Renton, Spud y Sick Boy se bajan del tren en el mismo apeadero de las Highlands en el que se bajaron hace veinte años, frente a la montaña a la que fueron de excursión para espantar el mono de la heroína y terminar gritando que ser escocés es la basura más servil, patética y miserable jamás salida del culo de la civilización. Falta Tommy, murió enfermo de SIDA y han vuelto allí para recordar a su viejo amigo. 

Spud echa a andar con un ramo de flores amarillas en la mano. Renton y Sick Boy se quedan parados mirando al horizonte.

—Lo siento, lo estoy intentando con todas mis fuerzas pero no siento nada– suelta Sick Boy.

—Estamos aquí en un acto de homenaje– le reprocha Renton.

—Esto es solo nostalgia. Eres un turista en tu propia juventud.

Como todos los cuarentones que damos la brasa con los recuerdos de nuestra juventud, los personajes de la segunda parte de Trainspotting se alimentan de nostalgia para sobrellevar el vacío existencial que se abre cuando uno comprende que la inmortalidad no existe y que, según el tópico, el presente de responsabilidades adultas no mola tanto como las aventuras del pasado (la heroína no mola en ningún caso).

La nostalgia parece inofensiva como el maravilloso especial de 'Cachitos' de Nochevieja y las reconfortantes conversaciones entre colegas sobre los viejos tiempos pero es adictiva, peligrosamente adictiva: también se nutre de los amigos perdidos por razones que nunca tuvieron sentido, o de las relaciones que pudieron ser y no fueron, o cualquier decisión incorrecta, o correcta –que no es lo mismo pero es igual–, que crea universos paralelos suficientes para pillar una buena sobredosis de nostalgia. Uno puede quedarse allí dentro encerrado como si el pasado fuera un placebo que tuviera efecto para siempre y nada dura para siempre salvo en San Junípero.

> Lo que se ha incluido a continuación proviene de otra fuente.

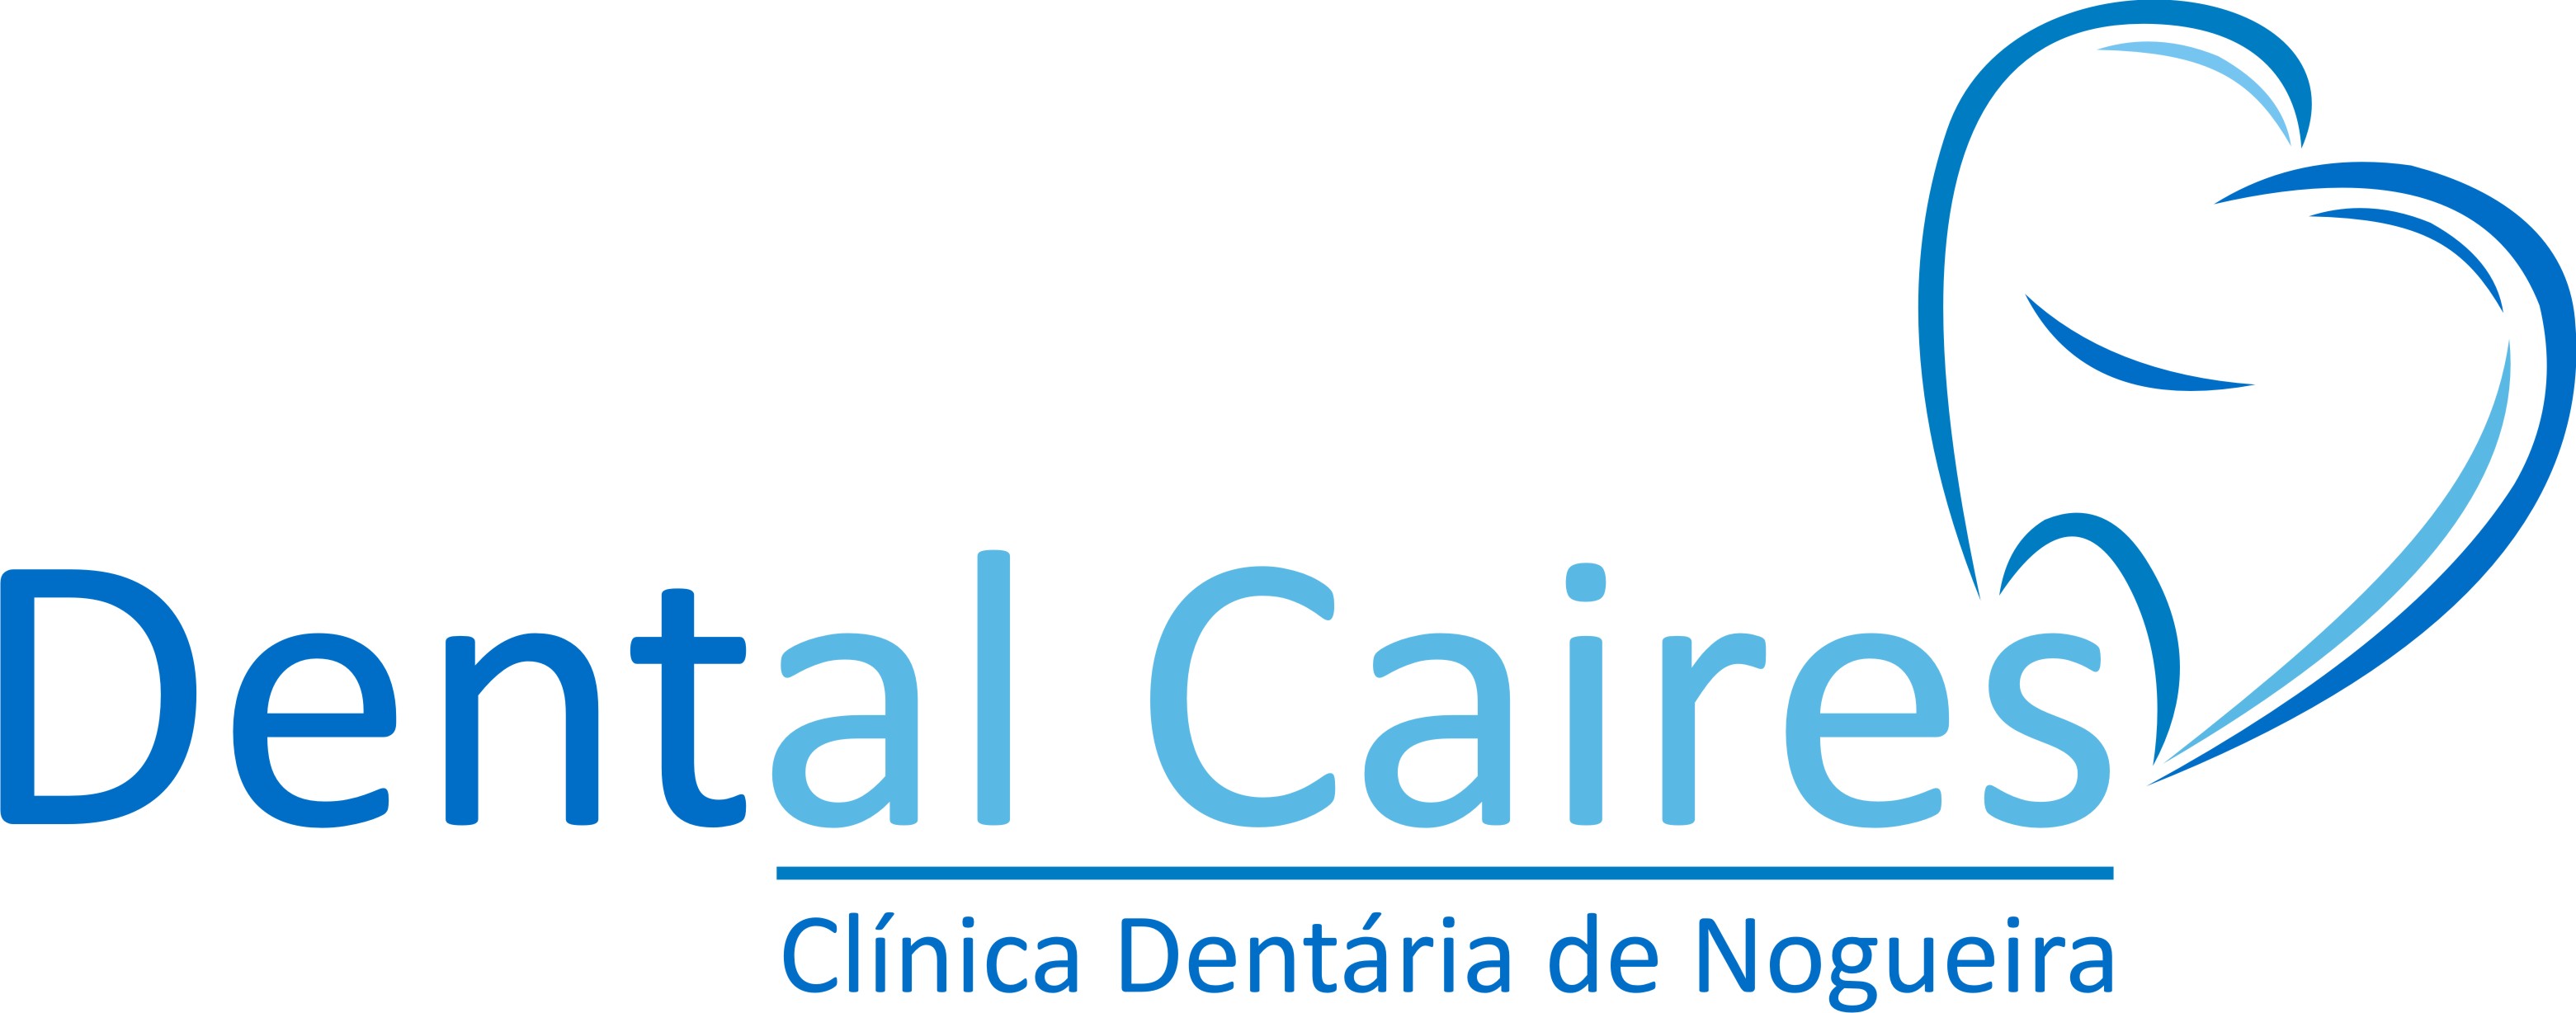 Dental Caires - Clínica Dentária de Nogueira

En los últimos tiempos, la nostalgia –ese sentimiento personal tan placentero, emotivo y cabrón a la vez– se nos está yendo de las manos. Hay demasiada nostalgia por todas partes. No pasa un día sin que se anuncien reunificaciones, revivals, recuperaciones. El ejemplo más reciente ha sido la serie Stranger Things, el exitazo de Netflix del pasado verano que triunfó azuzando sin disimulo nuestra nostalgia por los años 80: Spielberg a gogó, El Resplandor, E.T, Stephen King, Los Goonies y un largo etcétera. Solo faltaba Espinete en la versión española. Por supuesto, a pesar de todos los trucos, la serie me encantó.

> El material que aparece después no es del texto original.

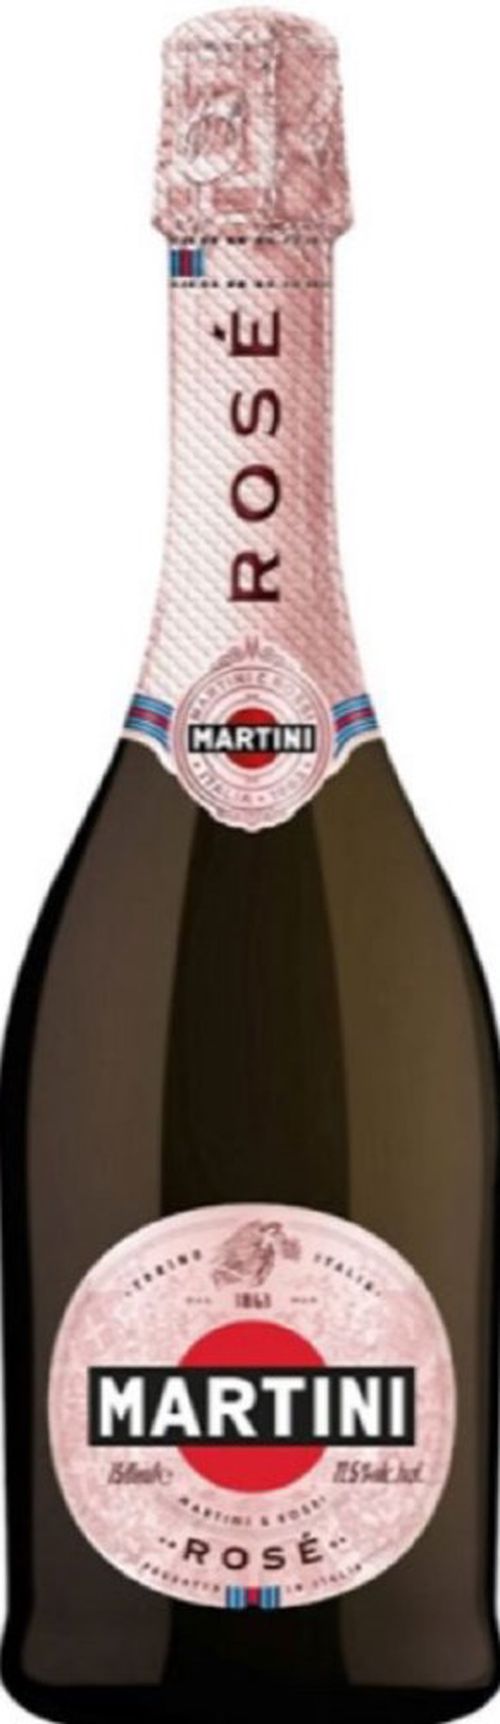 Martini Prosecco D.O.C. Rosé 0,75l 11,5%

Y ahí está también Star Wars, la marca hacedora de nostalgia más potente de la historia: de trilogía en trilogía hasta la trilogía final. Dentro de veinte años habrá nostálgicos de los episodios que se están rodando ahora, y quizás algún día haya incluso quien recuerde con cariño a Jar Jar Binks. Todo es posible cuando la rueda de la nostalgia se pone en marcha.

Pero todo tiene un límite y estamos empezando a cruzarlo.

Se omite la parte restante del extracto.